— DATA PROVIDED —
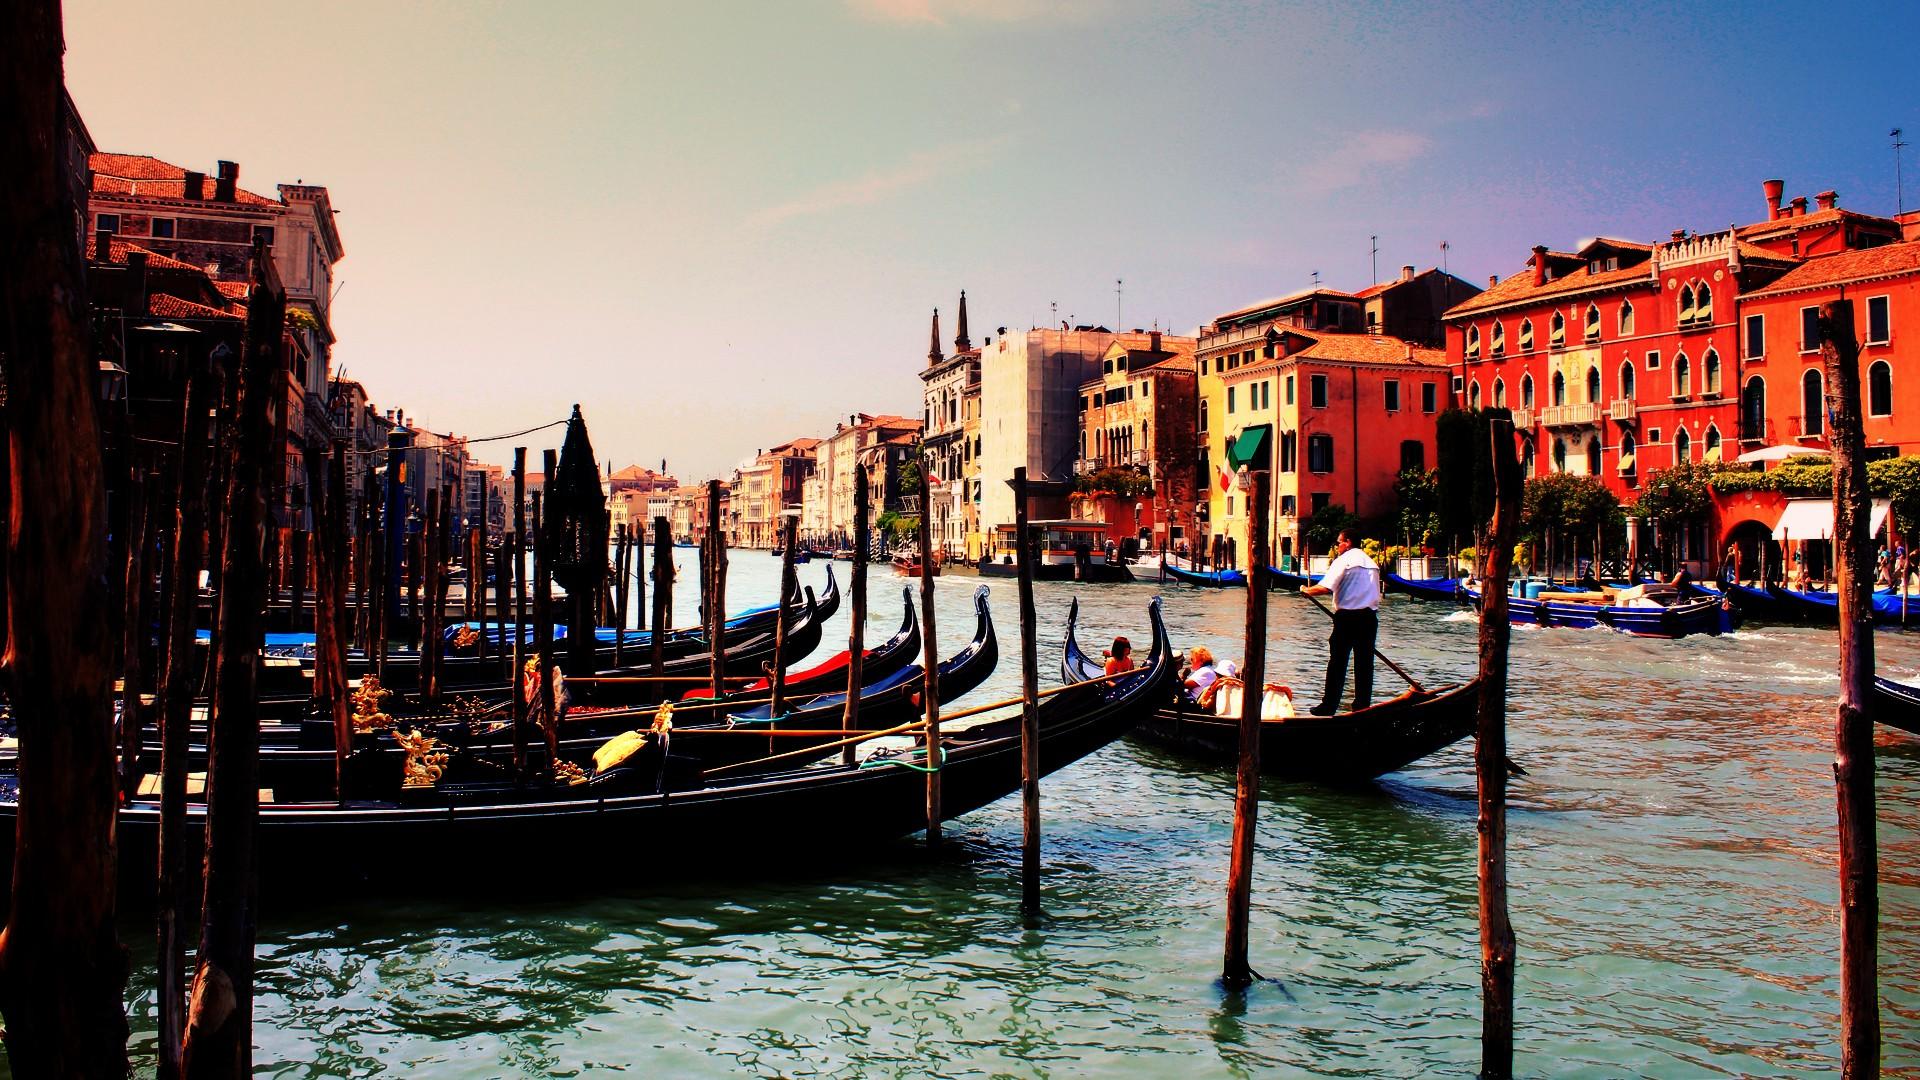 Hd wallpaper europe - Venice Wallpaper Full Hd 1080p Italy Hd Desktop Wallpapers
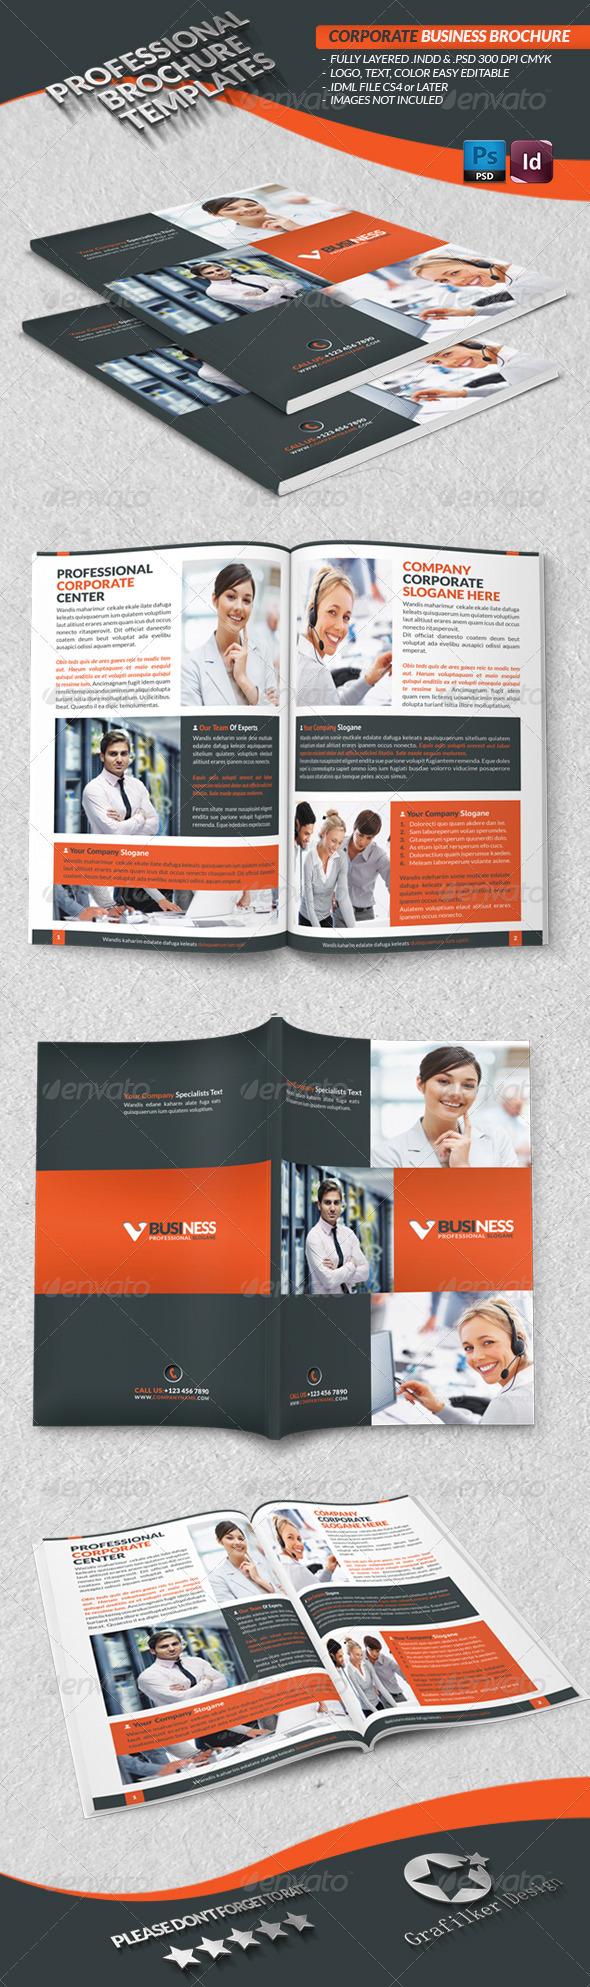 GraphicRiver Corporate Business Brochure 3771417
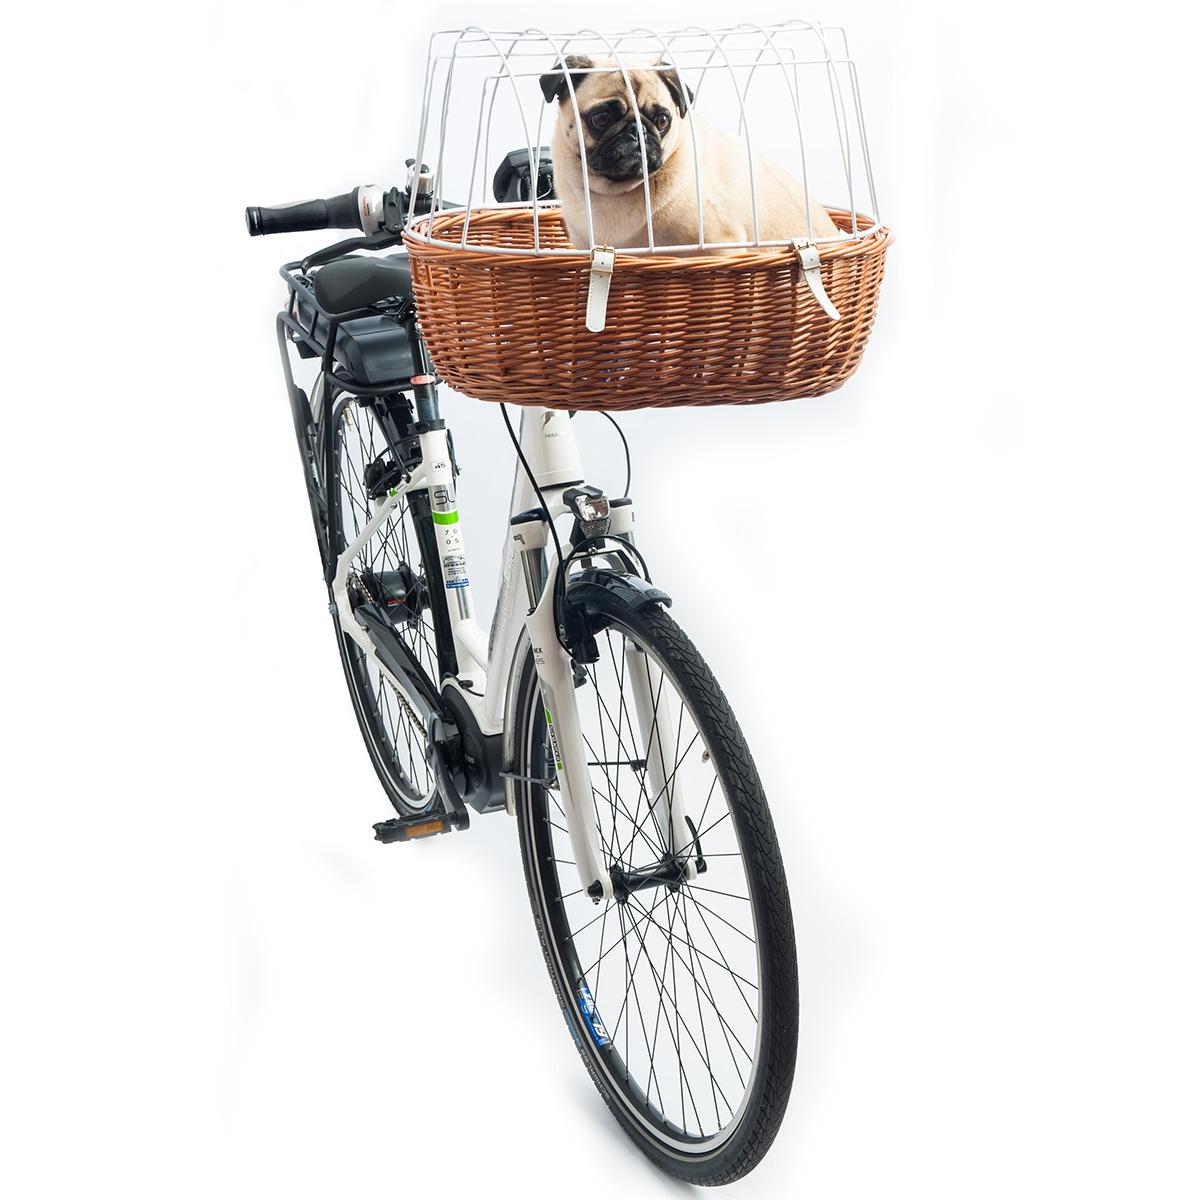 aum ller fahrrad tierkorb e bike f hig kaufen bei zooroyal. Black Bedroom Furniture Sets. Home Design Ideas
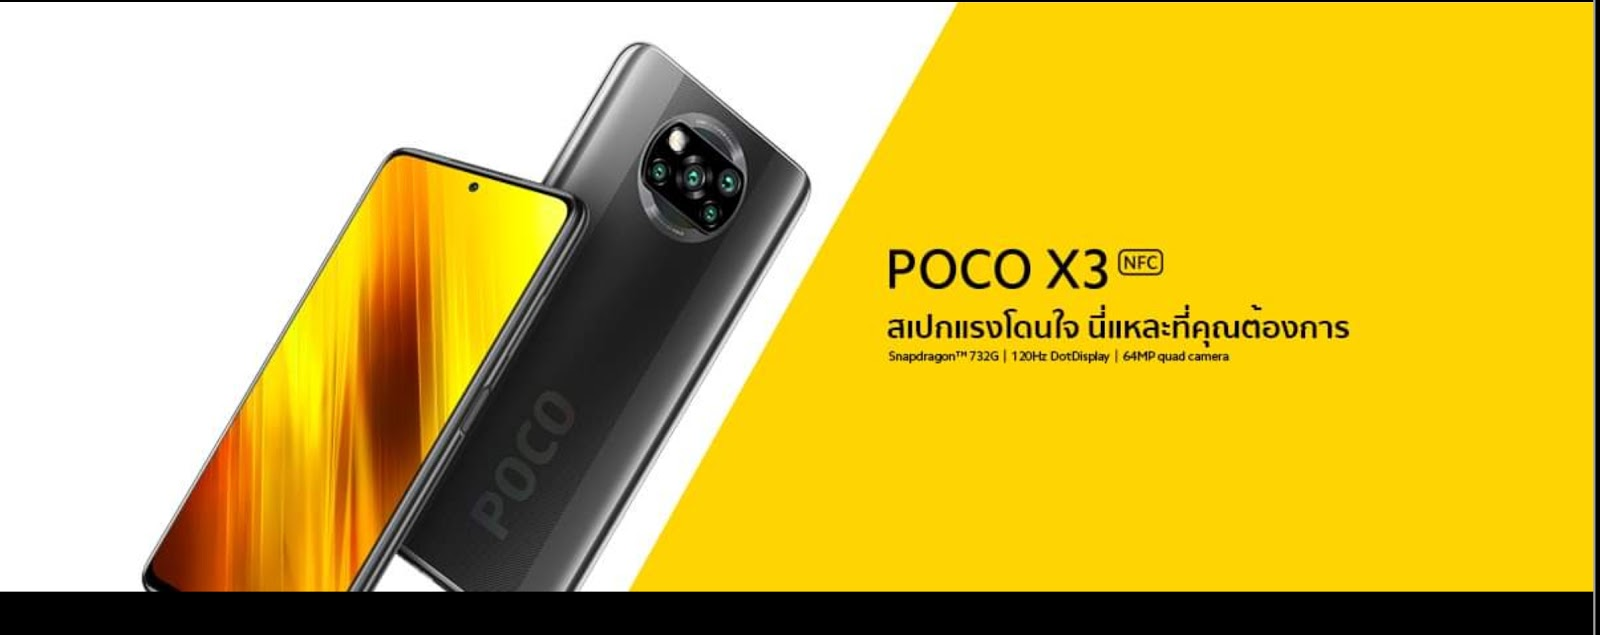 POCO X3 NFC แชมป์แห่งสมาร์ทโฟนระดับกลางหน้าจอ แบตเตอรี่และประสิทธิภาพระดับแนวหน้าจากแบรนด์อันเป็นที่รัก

— TASK GOAL —
Reproduce the whole listing above word for word, but not its pictures.

— REPLY TO THE TASK —
 Hd wallpaper europe - Venice Wallpaper Full Hd 1080p Italy Hd Desktop Wallpapers
 GraphicRiver Corporate Business Brochure 3771417
 aum ller fahrrad tierkorb e bike f hig kaufen bei zooroyal. Black Bedroom Furniture Sets. Home Design Ideas
 POCO X3 NFC แชมป์แห่งสมาร์ทโฟนระดับกลางหน้าจอ แบตเตอรี่และประสิทธิภาพระดับแนวหน้าจากแบรนด์อันเป็นที่รัก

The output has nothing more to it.